OS基本機能 - 電力/メモリ使用量、性能が大幅改善
前掲のとおり、話題性の高い新機能が多数追加されているWindows Server 2008 R2。しかし、「システム管理者にとって本当にインパクトが大きいのはこちら」と、高添氏が最も強調したがOS基本機能の改善である。
高添氏によると、OS基本機能は、「今回のリリースでかなり力を入れて開発が進めれた部分」だという。その甲斐あって、Windows Server 2008 R2では、電力使用量およびメモリ使用量が大幅に低下。パフォーマンスも大きく向上している。
こうした成果を支えているのが、前掲の「NUMA対応」、「Core Parking」、「P-Stateの調整」といった機能だ。
NUMA対応 - リモートメモリの使用を減らし、Many Coreでの性能向上
NUMAは、Non-Uniform Memory Accessの略。プロセッサごとにローカルメモリが用意されたマルチプロセッサシステムにおいて、各プロセッサからバスをまたがって別プロセッサのローカルメモリ(リモートメモリ)を利用できるCPUアーキテクチャのことだ。
NUMAでは、全プロセッサのローカルメモリが共有されるかたちになり、柔軟性は向上する。しかし、リモートメモリへのアクセスはローカルメモリへのアクセスに比べ数倍時間がかかるため、うまく制御できないと、いくらプロセッサ数を増やしてもパフォーマンスは向上しない。
Windows Server 2008では新たに、このNUMA環境向けの最適化が行われており、コア数に比例したパフォーマンスが期待できるようになっている。Microsoft SQL Serverを使ったパフォーマンステストでは、128プロセッサ環境で64プロセッサ環境の1.7倍のパフォーマンスが計測できたという。
Core Parking - 不要なCPUを休眠
電力消費量削減への貢献という点で最もわかりやすい機能がCore Parkingである。
CoreParkingは、アクティブなCPUの数を減らすための機能。処理を受け持っていないCPUを休眠させて電力供給を停止するほか、多くのCPUが少しずつ処理を実行しているような状況では、処理を一部のCPUに集中させ、稼働中のCPUの数を減らす仕組みになっている。
高添氏によると、Core Parkingは各地のセミナーでも聴講者の関心が高い機能だという。
P-state対応 - CPUの周波数を落として電力消費を抑える
Core Parkingは、大変わかりやすく、いかにも電力消費量削減が見込めそうな機能だが、高添氏が「地味ながらも、省電力の効果が期待できる」と説明するのがP-state対応である。
P-stateは、コアの使用電圧と周波数を変動させることができるCPU機能。余裕のあるときは周波数を低下させ、電力消費量を削減するといった使い方が可能だ。
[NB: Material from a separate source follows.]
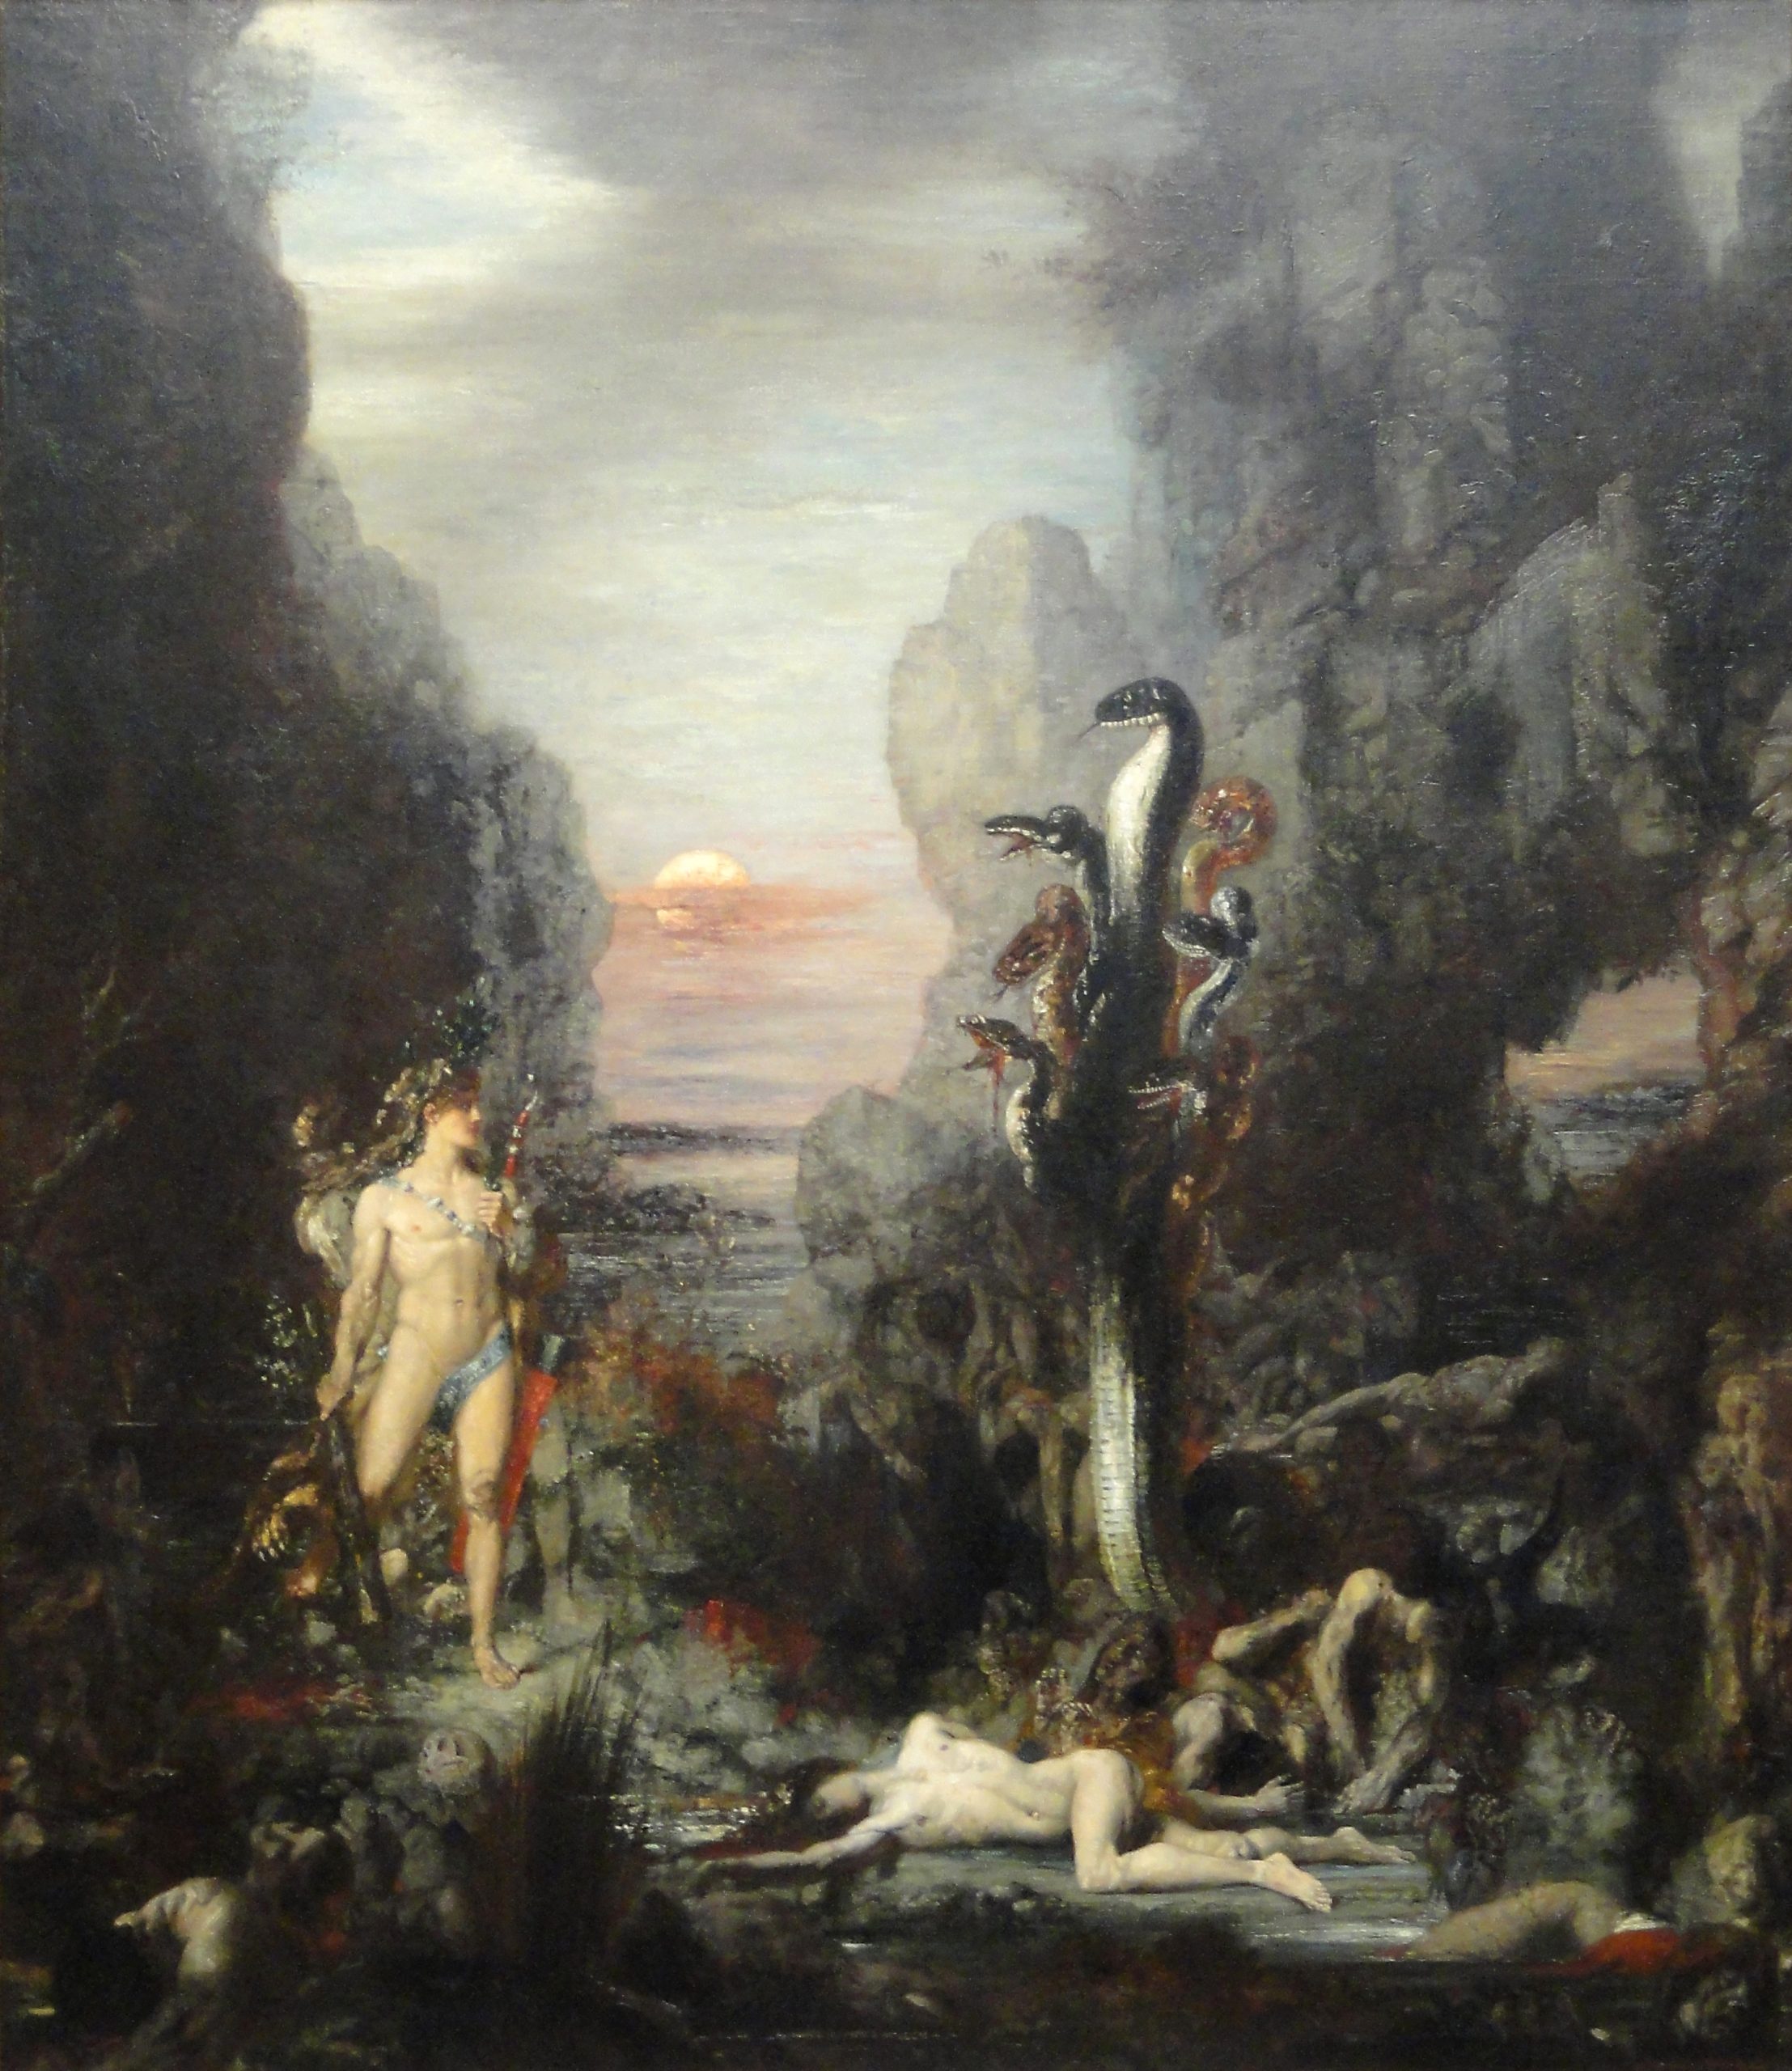 A painting of a nude figure stares towards several standing snakes with a rocky and cloudy landscape.

先述のとおり、Windows Server 2008 R2で使用できる最大コア数は256。それらすべてが100%の状態で稼働しなければならない状況ほとんどないと言ってよいだろう。それを考慮すると、常時最大の電圧をかけておくのはもったいない。P-stateを柔軟に変更することで、普段は周波数を落として電力を節約し、必要になったときだけパフォーマンスを上げられると考えれば、この機能がいかに有用かおわかりいただけるはずだ。